Radhika A. Raje Dept. of Computer Science

  1. H. Raisoni College of Engineering

    Nagpur, India

    Apeksha V. Sakhare

    Assistant Professor, Dept. of Computer Science

    1. H. Raisoni College of Engineering Nagpur, India

      Abstract Wireless sensor network consist of large number of sensor nodes that are deployed in large number to monitor the environment. In last few years there is a great technological advancement in wireless sensor network. Due to low-cost, small- size, nature of Wireless Sensor Networks (WSNs), it allows them to sense the information in various hostile environments (e.g. military surveillance, battlefield). So, to fully achieve the capacity of WSNs, sensor nodes need to cooperate in the collection and must disseminate topology information. These sensor nodes specifically operate in a multihop routing. In muiltihop routing, sensor network have to face a variety of risks due to the harsh operating environments. In this paper a fuzzy based approach is introduced which will enhance the routing security and reliability in WSNs.

      Index TermsWireless sensor network, Trust, Routing, Fuzzy Logic, Security.

      1. INTRODUCTION

        Wireless sensor network are highly distributed network which consist of hundreds or thousands of small and lightweight wireless nodes. These nodes are connected via radio link and deployed in large number to monitor their surrounding environment or system. Each sensor node detects some events or collects information and communicates it in a wireless manner. Each of these scattered nodes has capability to route data to other sensor nodes or to base station [2].

        Though there are technologies for networking and security, wireless sensor network still face some problem. As these networks operate in ad hoc manner, nodes are self organized. Due to self organized nature of sensor network malicious node may enter the network and eavesdropping can be easily performed. So, the communication here is multihop communication and is mainly relying on cooperation among nodes to achieve basic networking task like routing. In this each node sensed the data and forwards it to sink node which looks for available neighbor. So, this makes network to get exposed to privacy attack that ultimately disturb the network operation. As this network operate in multihop routing, is exposed to attacks identity deception through replaying routing information. Due to the identity deception, attacker may interfere with nodes and cause damage, drop or misdirect messages, create traffic collision or jam the communication channel. In a poor network connection distinguishing between an attacker and an honest node causes much difficulty.

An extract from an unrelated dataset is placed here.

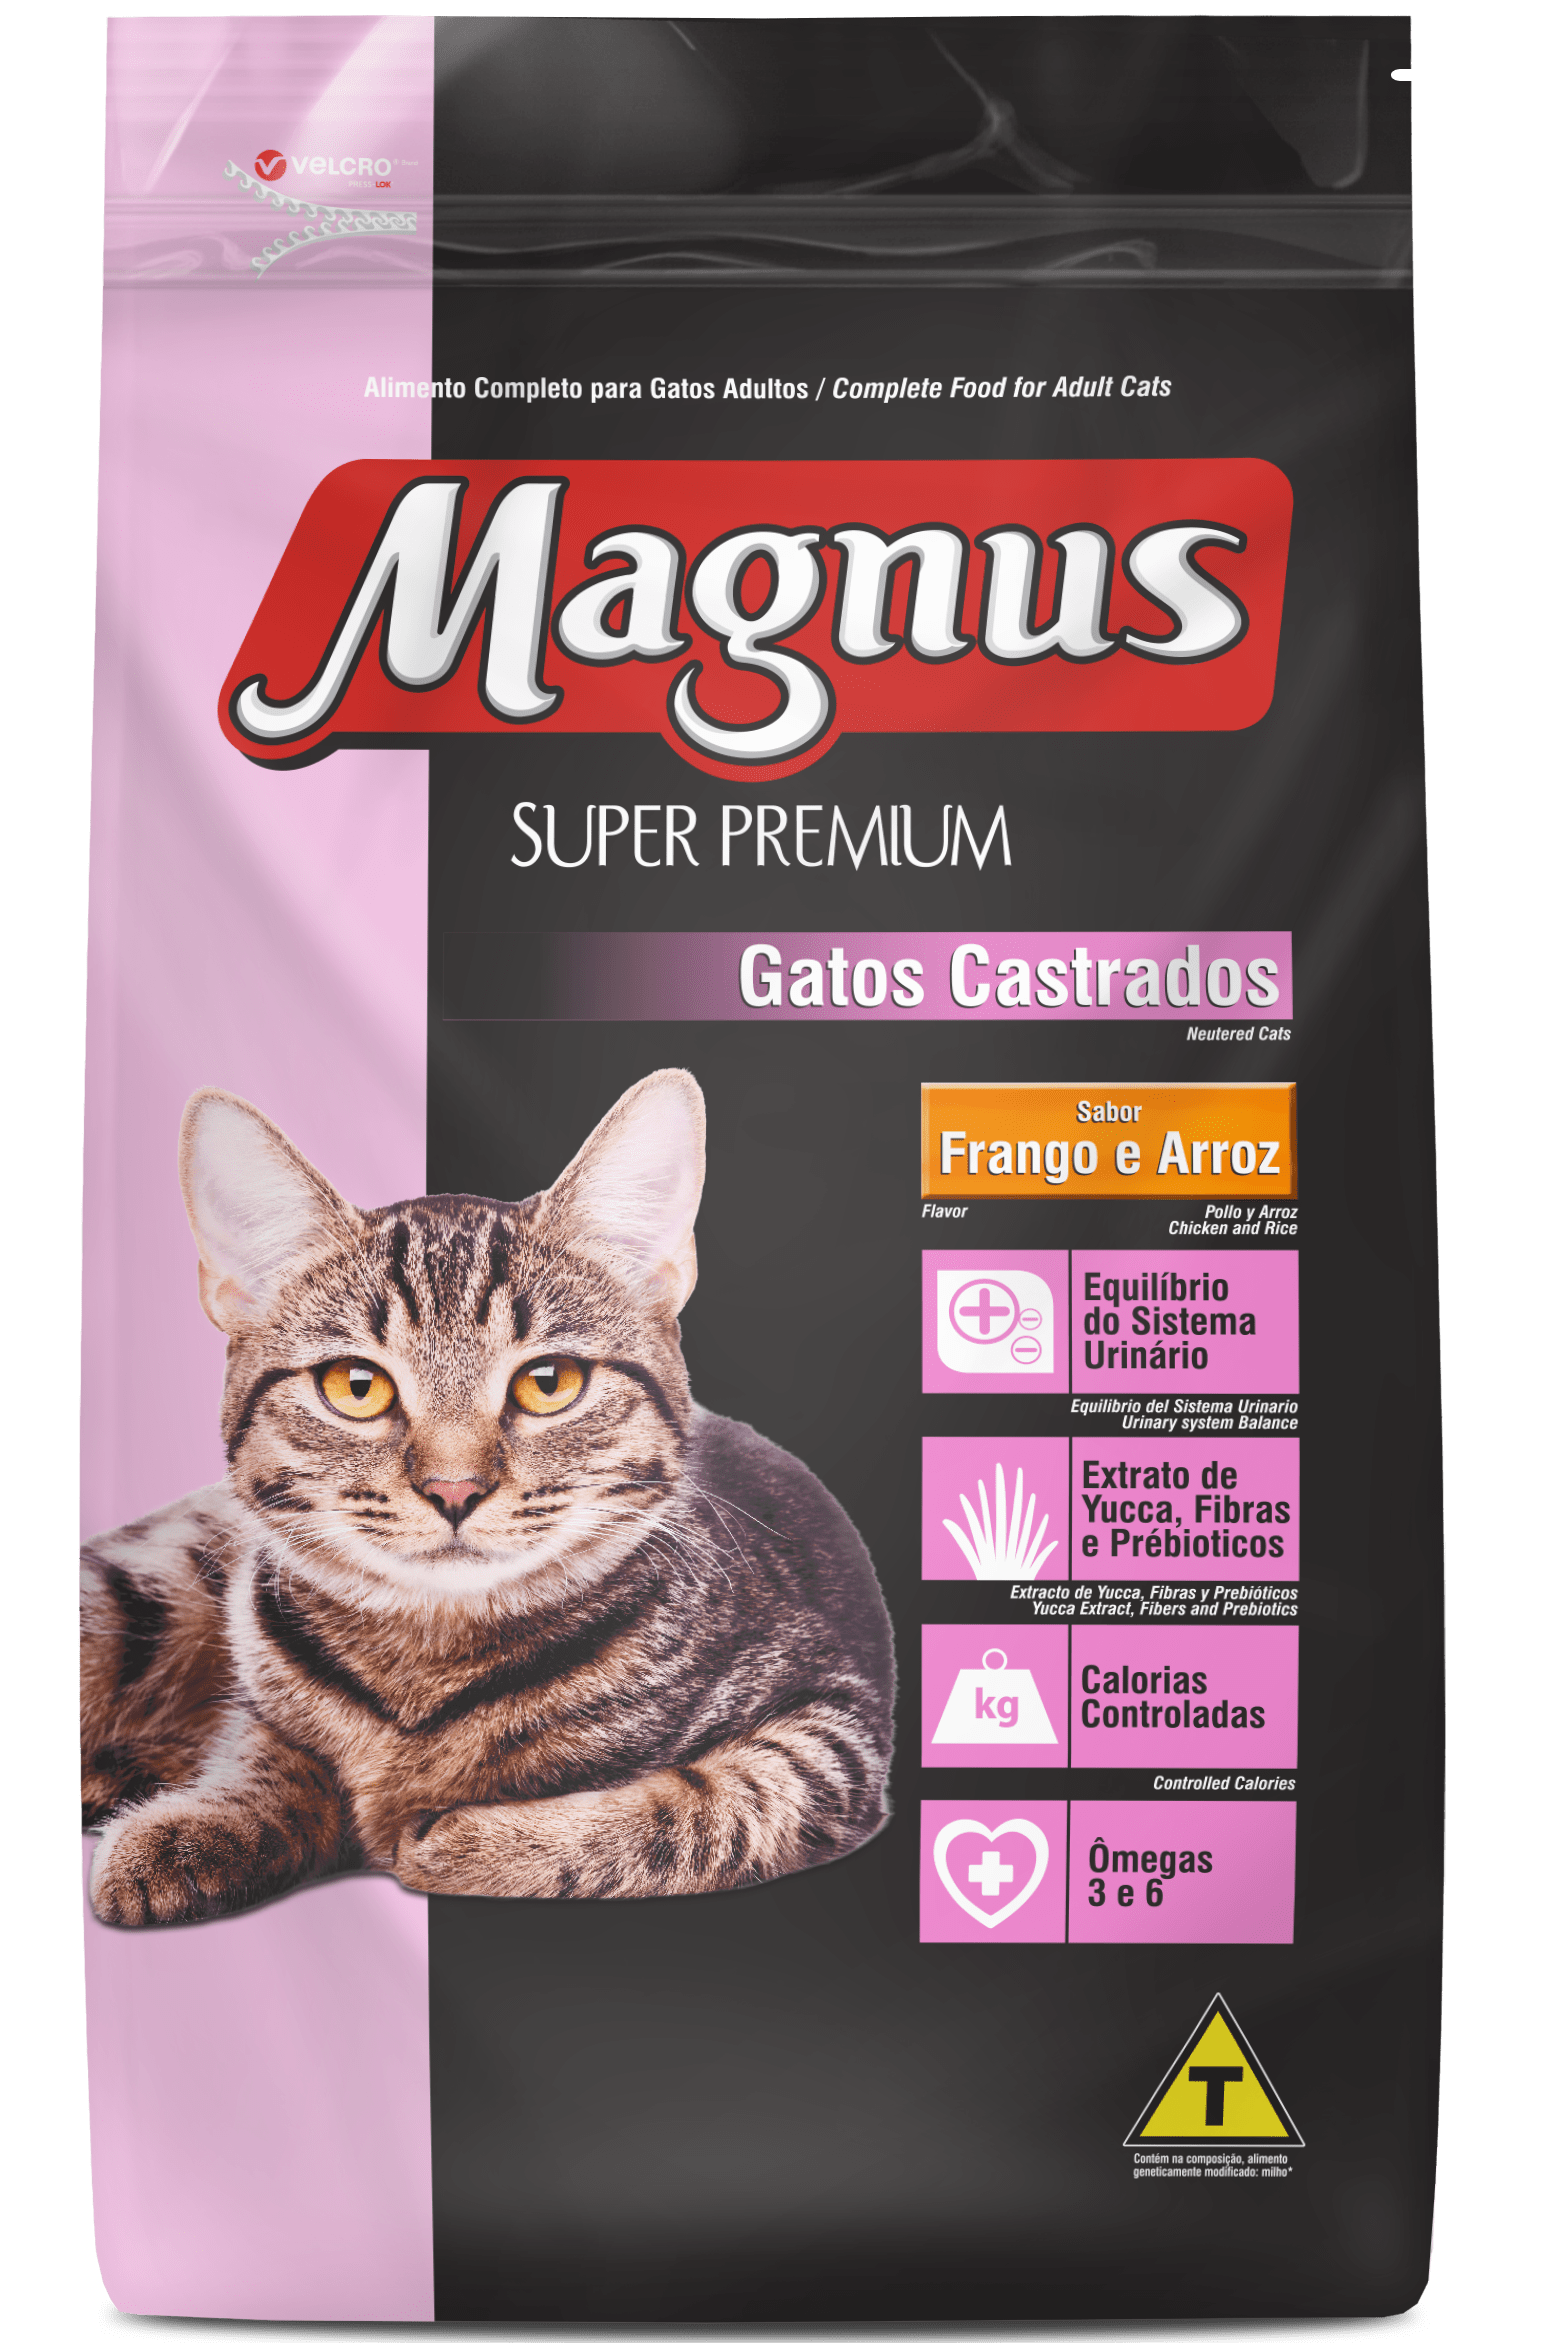 Magnus Super Premium Gatos Castrados Sabor Frango e Arroz

        Obtaining a trusted relation among nodes is an important goal. WSNs which provide number of opportunities at same time it is exposed to dreadful challenges such as energy. So, it is important to consider energy use for sensor node at same time to consider security as one of the important goal.

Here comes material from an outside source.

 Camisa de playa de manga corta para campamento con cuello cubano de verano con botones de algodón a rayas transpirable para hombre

        Fig.1. Multihop Communication in WSN

        The paper is organized as follows: Section 2 reviews the existing work on WSN, its major attacks, prevention techniques and other existing movements to make WSN a promising network. Section 3 proposes the problem definition and objective of the paper. Section 4 introduces the new system; Section 5 illustrates the scenario which is considered. In section 6 simulation parameters are shown. Finally section 6 summarizes the overall work performed.

      2. RELATED WORK

        1. TARF

          This framework is developed for secure routing in wireless sensor network. In this[1] two parameters run on every sensor node to keep track of their trustworthiness and energy. As these parameter run on every sensor node it may increase the considerable overhead and it is developed on TinyOs.

        2. FBSR

          It utilizes feedback information in order to represent current states of neighbor nodes. This protocol consists of local independent forwarding decisions based on current feedback information and prediction of future conditions. FBSR [3] which uses a statistics-based detection on a base station to

          discover compromised nodes, is resilient against wormhole and Sybil attacks and is never evaluated or examined; FBSR use Keyed-OWHC-based authentication which causes considerable overhead.

        3. TARP

          It is a trust-based routing scheme responsible for routing messages from the different nodes to the base station. It is based on idea of node cooperation which forwards the neighbor messages. It uses the concept of cooperation in terms of routing reputation. TARP [4] achieves significant improvements in terms of energy consumption and scalability. This protocol exploits nodes past routing behavior and link quality to determine efficient paths, but it does not offer protection against the identity deception through replaying routing information.

        4. TAODV

          All routing protocols in the ad hoc find the shortest path to the destination even if there is presence of any malicious node in that path, there is an internal threat in the network in the form of a compromised node. So a path free of malicious node is more important than the shortest path. This motivation force to design. TAODV [5]which is an extension of the AODV routing protocol. This protocol defined three procedures: trust recommendation, trust judgment , trust update. With this it also define route discovery and maintaining routing table.So in TAODV there is small increase in overhead with lesser speed because of the retransmission of some route request packets due to delayed receipt of route reply by the source nodes.

        5. ATSR

          It is a location-based trust-aware routing solution is introduced for large WSNs. ATSR [6] constitute a distributed trust model that utilizes both direct and indirect trust, authentication, geographical information in order to protect the WSNs from packet alteration, packet mis-forwarding, and acknowledgments spoofing. But this protocol does not offer protection against the identity deception.

        6. SPIN

        It is a data-centric routing where the nodes advertise the available data through an ADV and wait for request from interested node. Here it maintains two secure building blocks. First is a SNEP which protects the network from eavesdropping because it introduces small overhead of 8 bytes and it also maintains counter but no counter values are exchanged. Second is a Tesla which provides authentication to broadcasted data. SPIN [7] ensures data authentication and confidentiality claim by provide trusted routing. But it does not deal with compromised nodes or denial of service attacks, only it ensures that all the keys of the network node should not disclose by a compromised node.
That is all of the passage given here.